SOURCE MATERIAL:
>>>

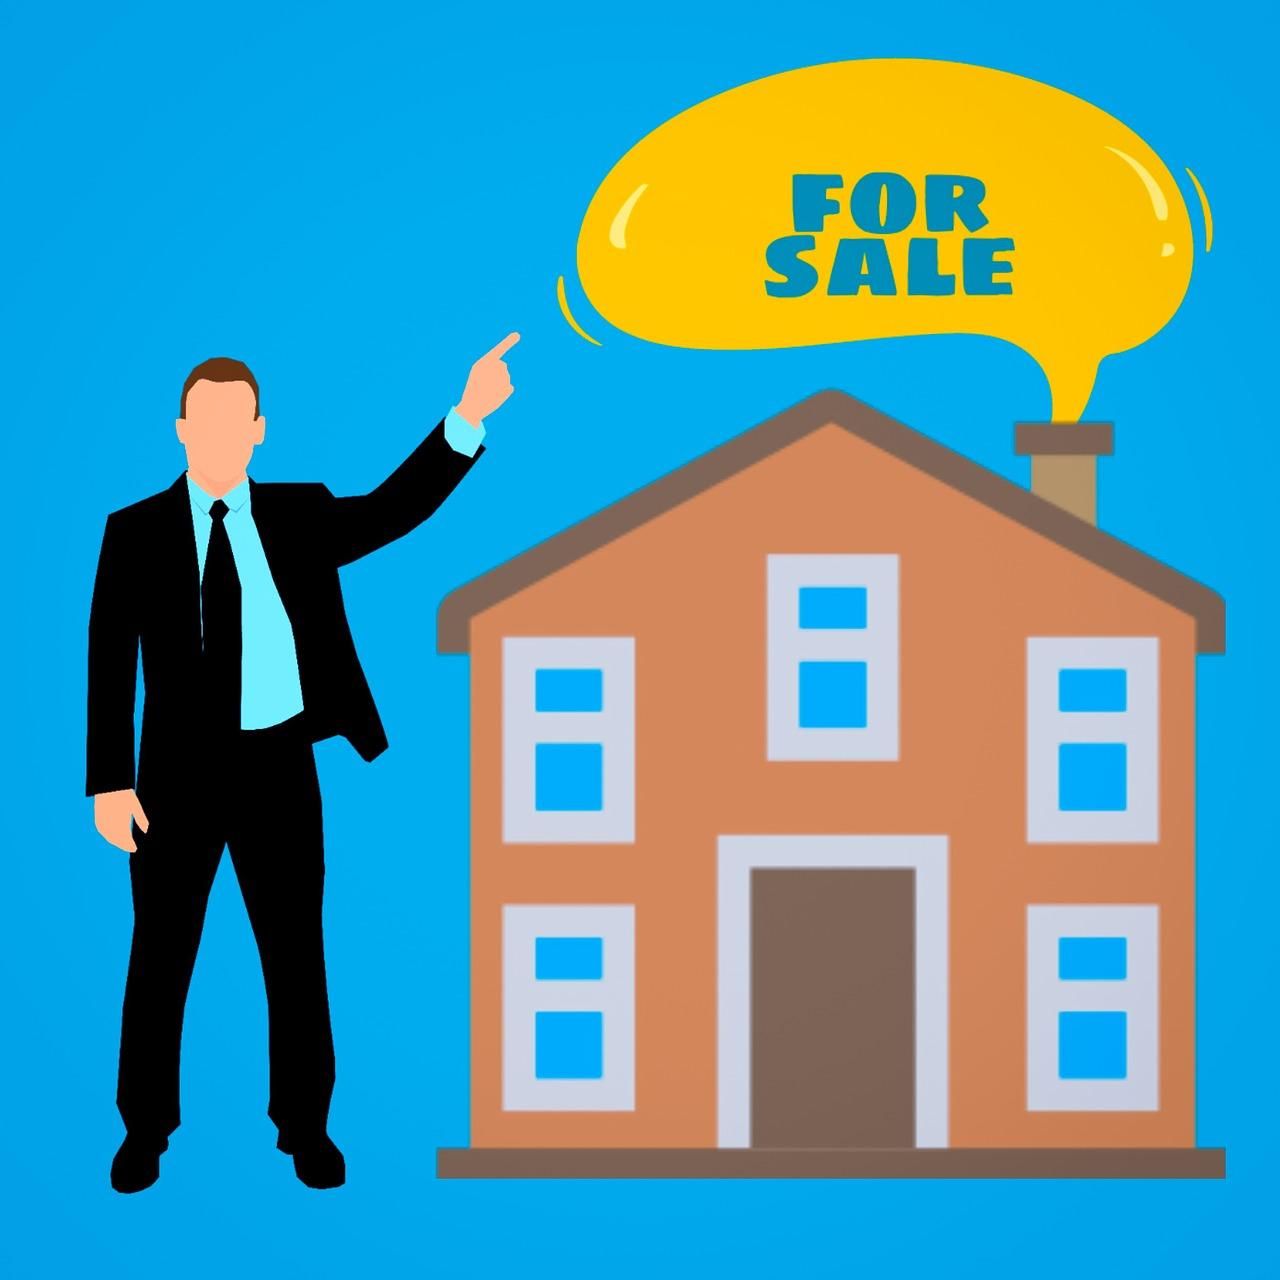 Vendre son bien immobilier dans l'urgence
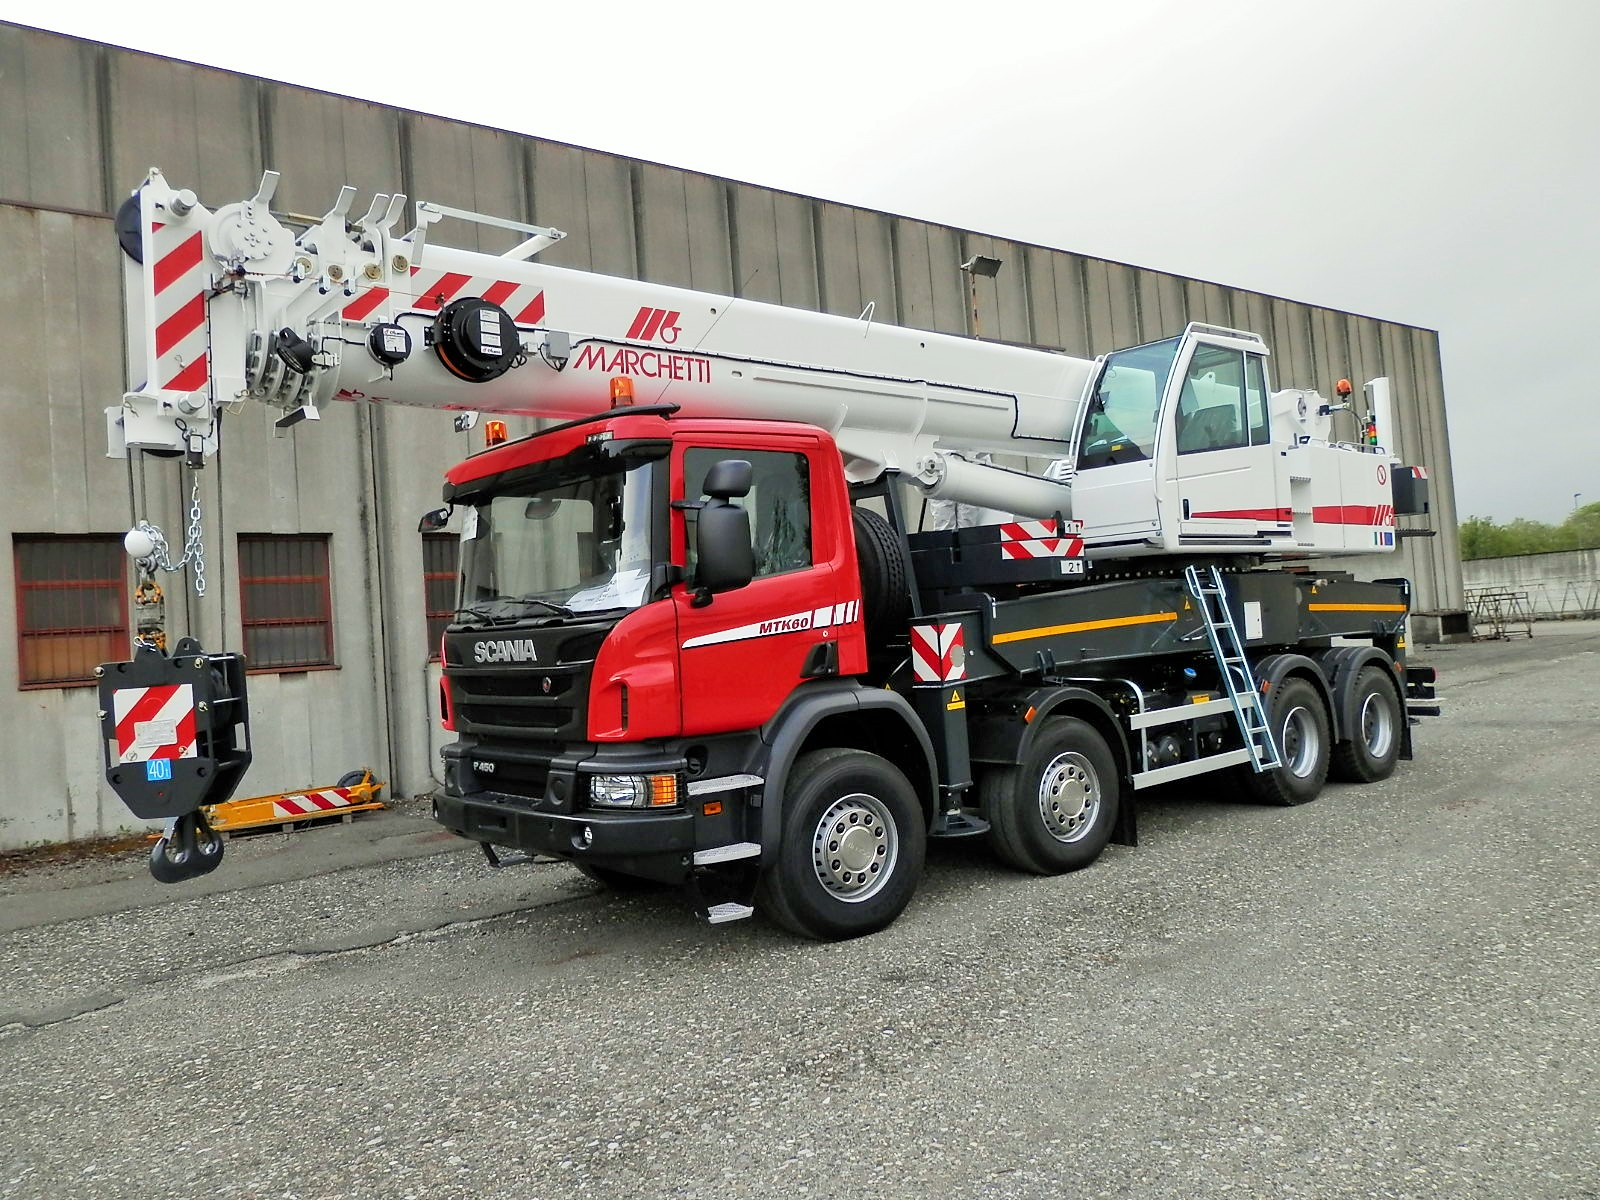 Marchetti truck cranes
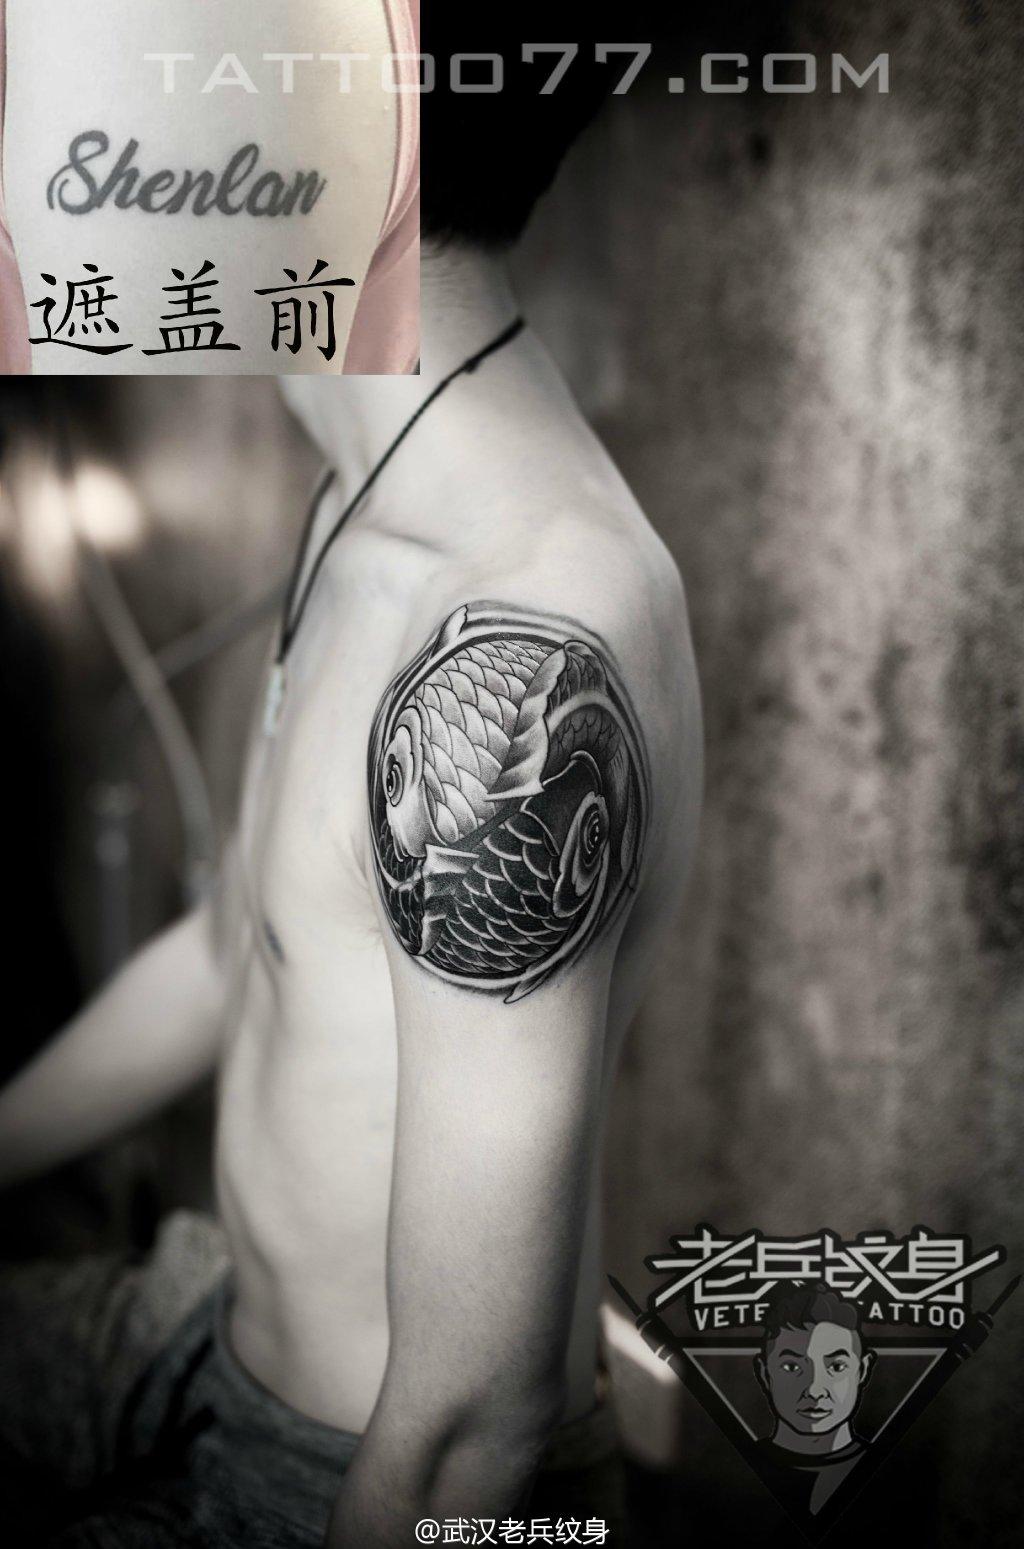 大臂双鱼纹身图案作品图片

<<<

WORK ITEM: Restate the material word for word; no picture should appear in the copy.

FINISHED EXERCISE:
 Vendre son bien immobilier dans l'urgence
 Marchetti truck cranes
 大臂双鱼纹身图案作品图片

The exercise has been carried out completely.